### TASK DESCRIPTION
Leave the pictures aside and copy all the data exactly.

### DATA
_ _ _ _ _ _ _

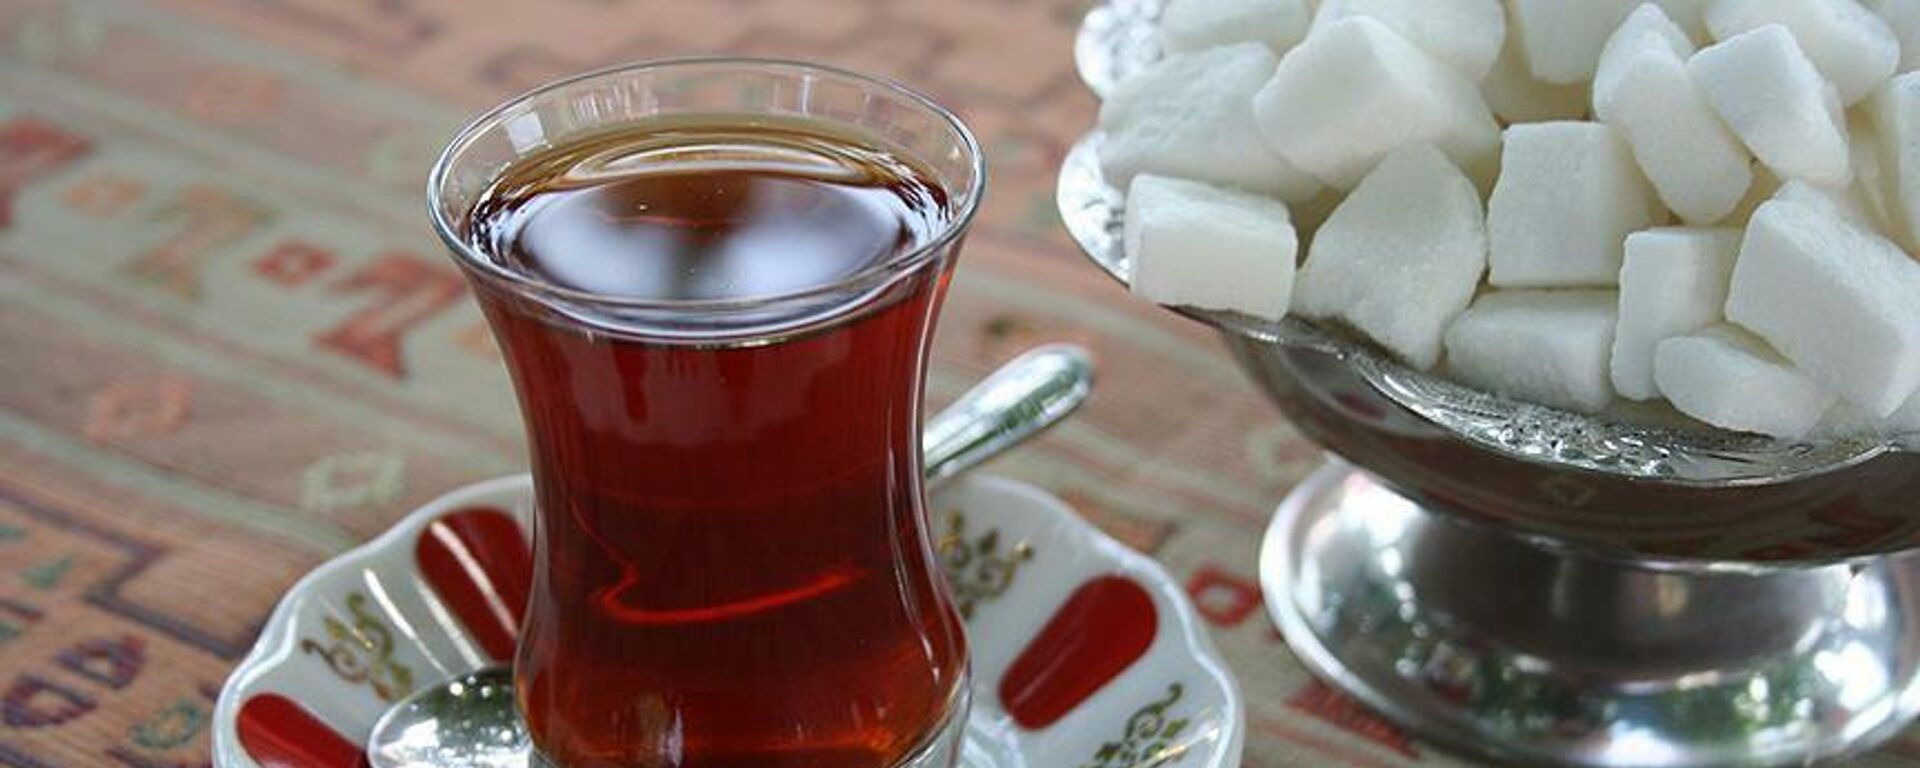 Çay bardağı, kıtlama şeker, ince belli bardak - Sputnik Türkiye, 1920, 17.11.2021
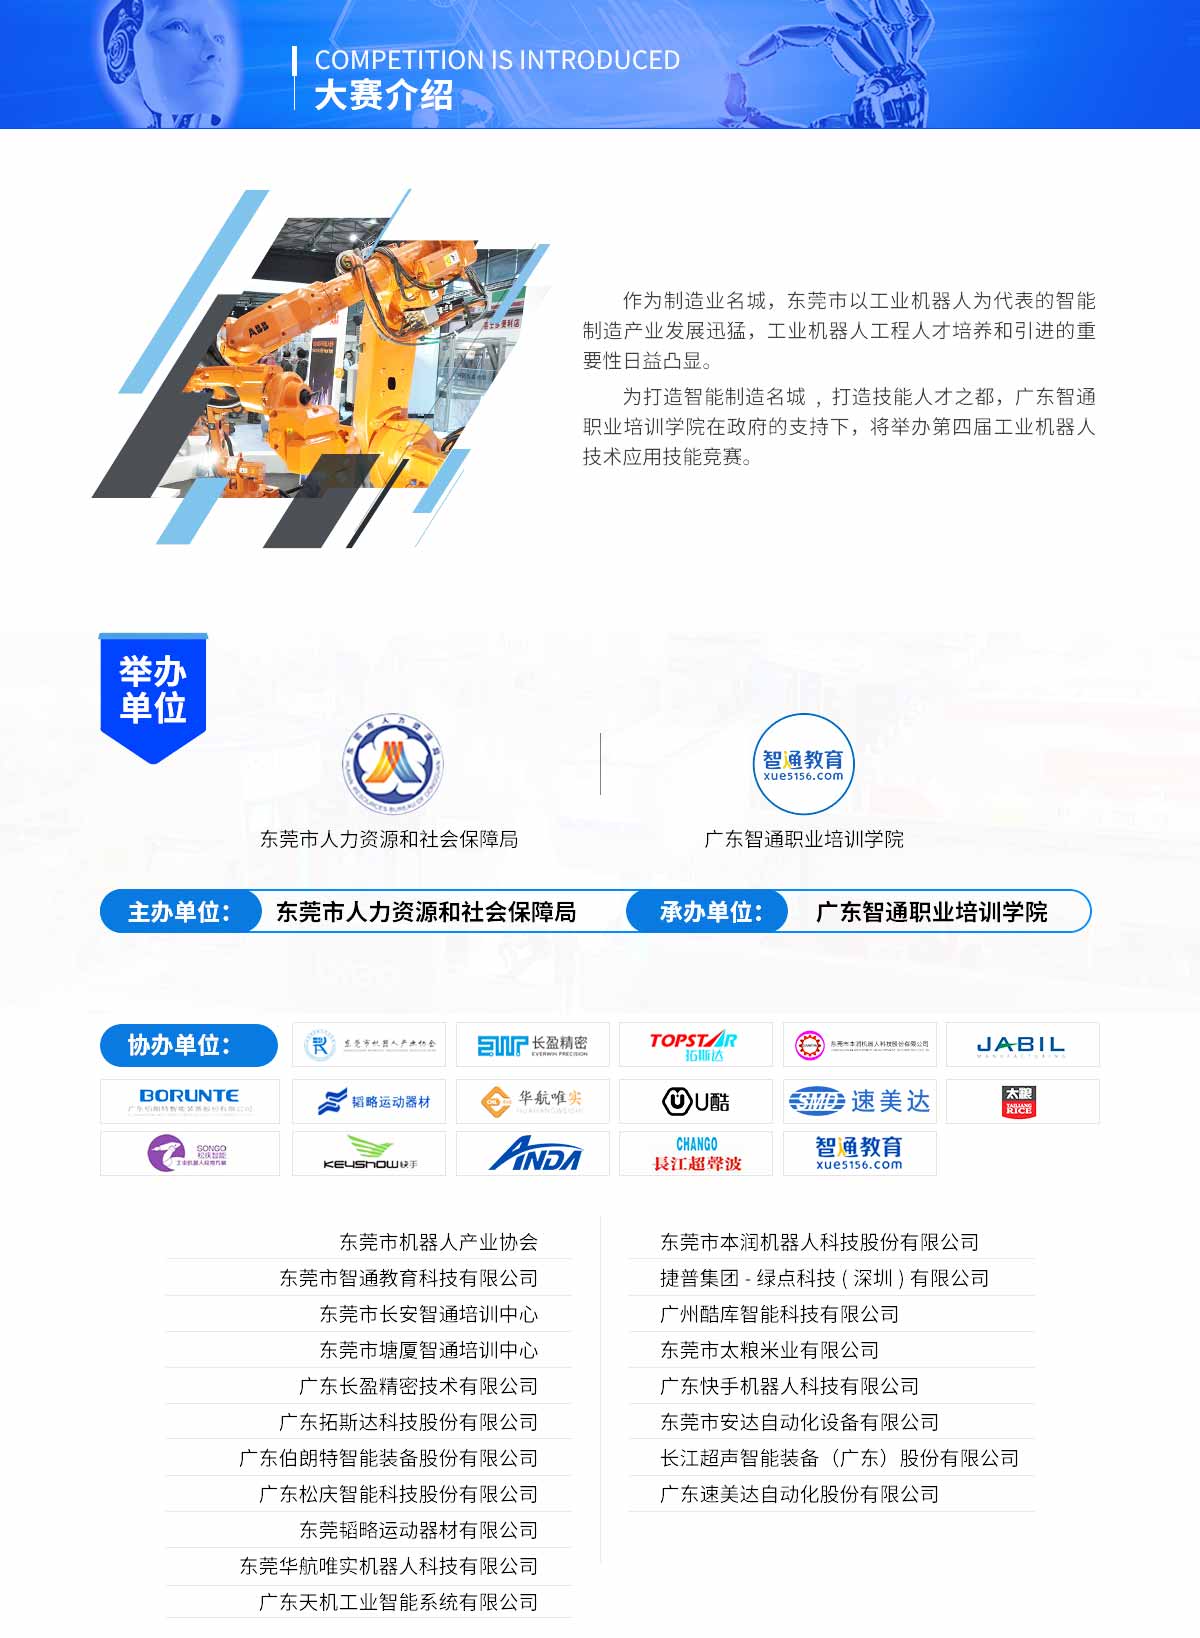 2019年9月22日東莞市第四屆工業機器人大賽簡介03
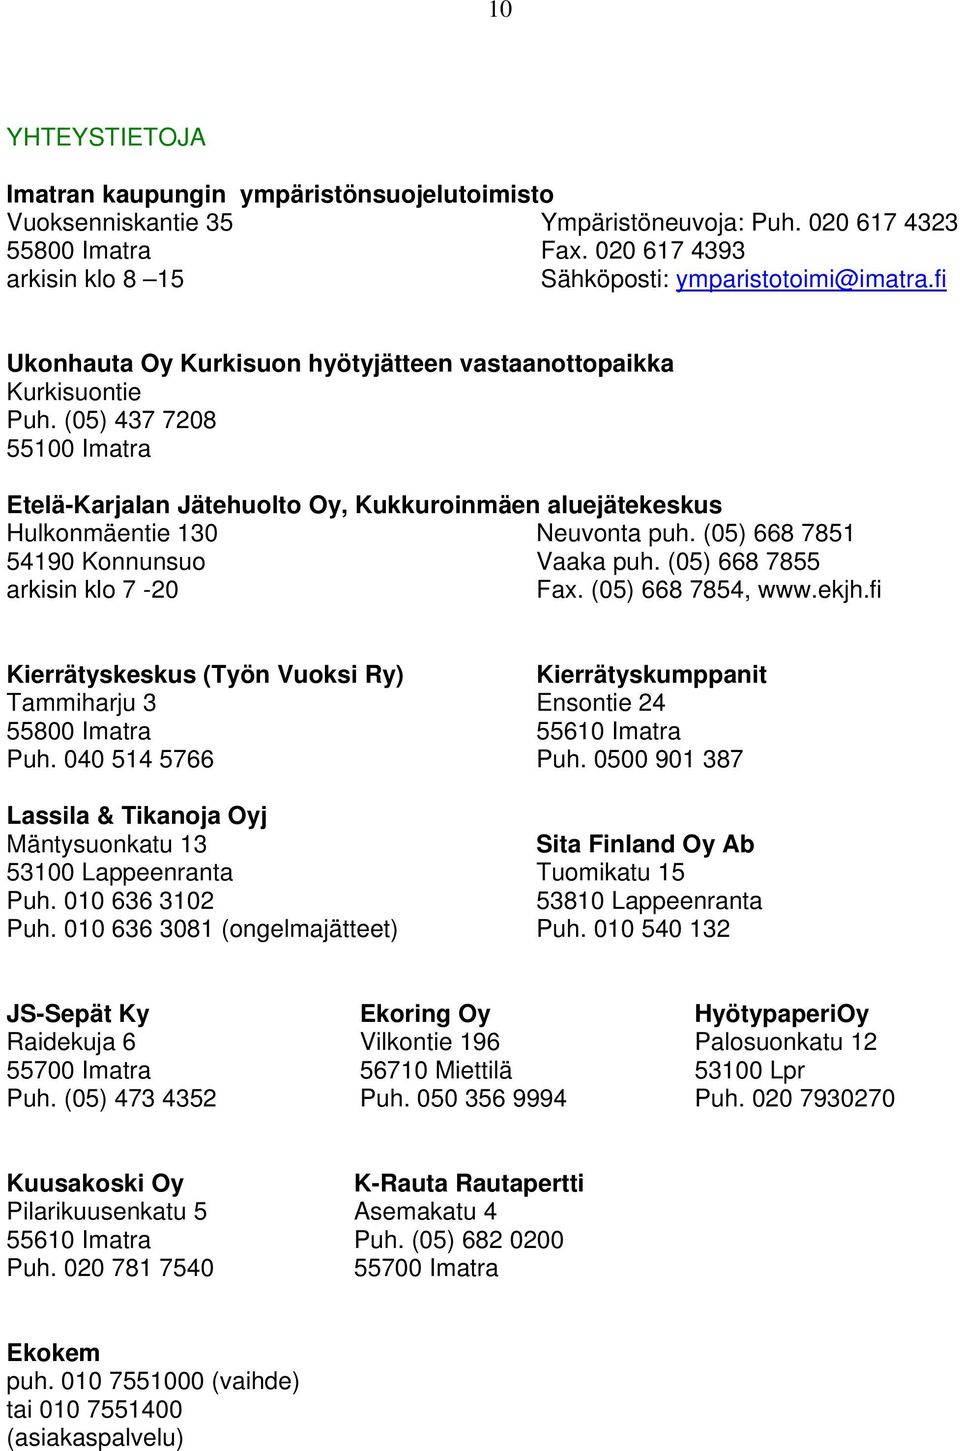 (05) 668 7851 54190 Konnunsuo Vaaka puh. (05) 668 7855 arkisin klo 7-20 Fax. (05) 668 7854, www.ekjh.fi Kierrätyskeskus (Työn Vuoksi Ry) Tammiharju 3 55800 Imatra Puh.

_ _ _ _ _ _ _

### EXERCISE ANSWER
 Çay bardağı, kıtlama şeker, ince belli bardak - Sputnik Türkiye, 1920, 17.11.2021
 2019年9月22日東莞市第四屆工業機器人大賽簡介03
 (05) 668 7851 54190 Konnunsuo Vaaka puh. (05) 668 7855 arkisin klo 7-20 Fax. (05) 668 7854, www.ekjh.fi Kierrätyskeskus (Työn Vuoksi Ry) Tammiharju 3 55800 Imatra Puh.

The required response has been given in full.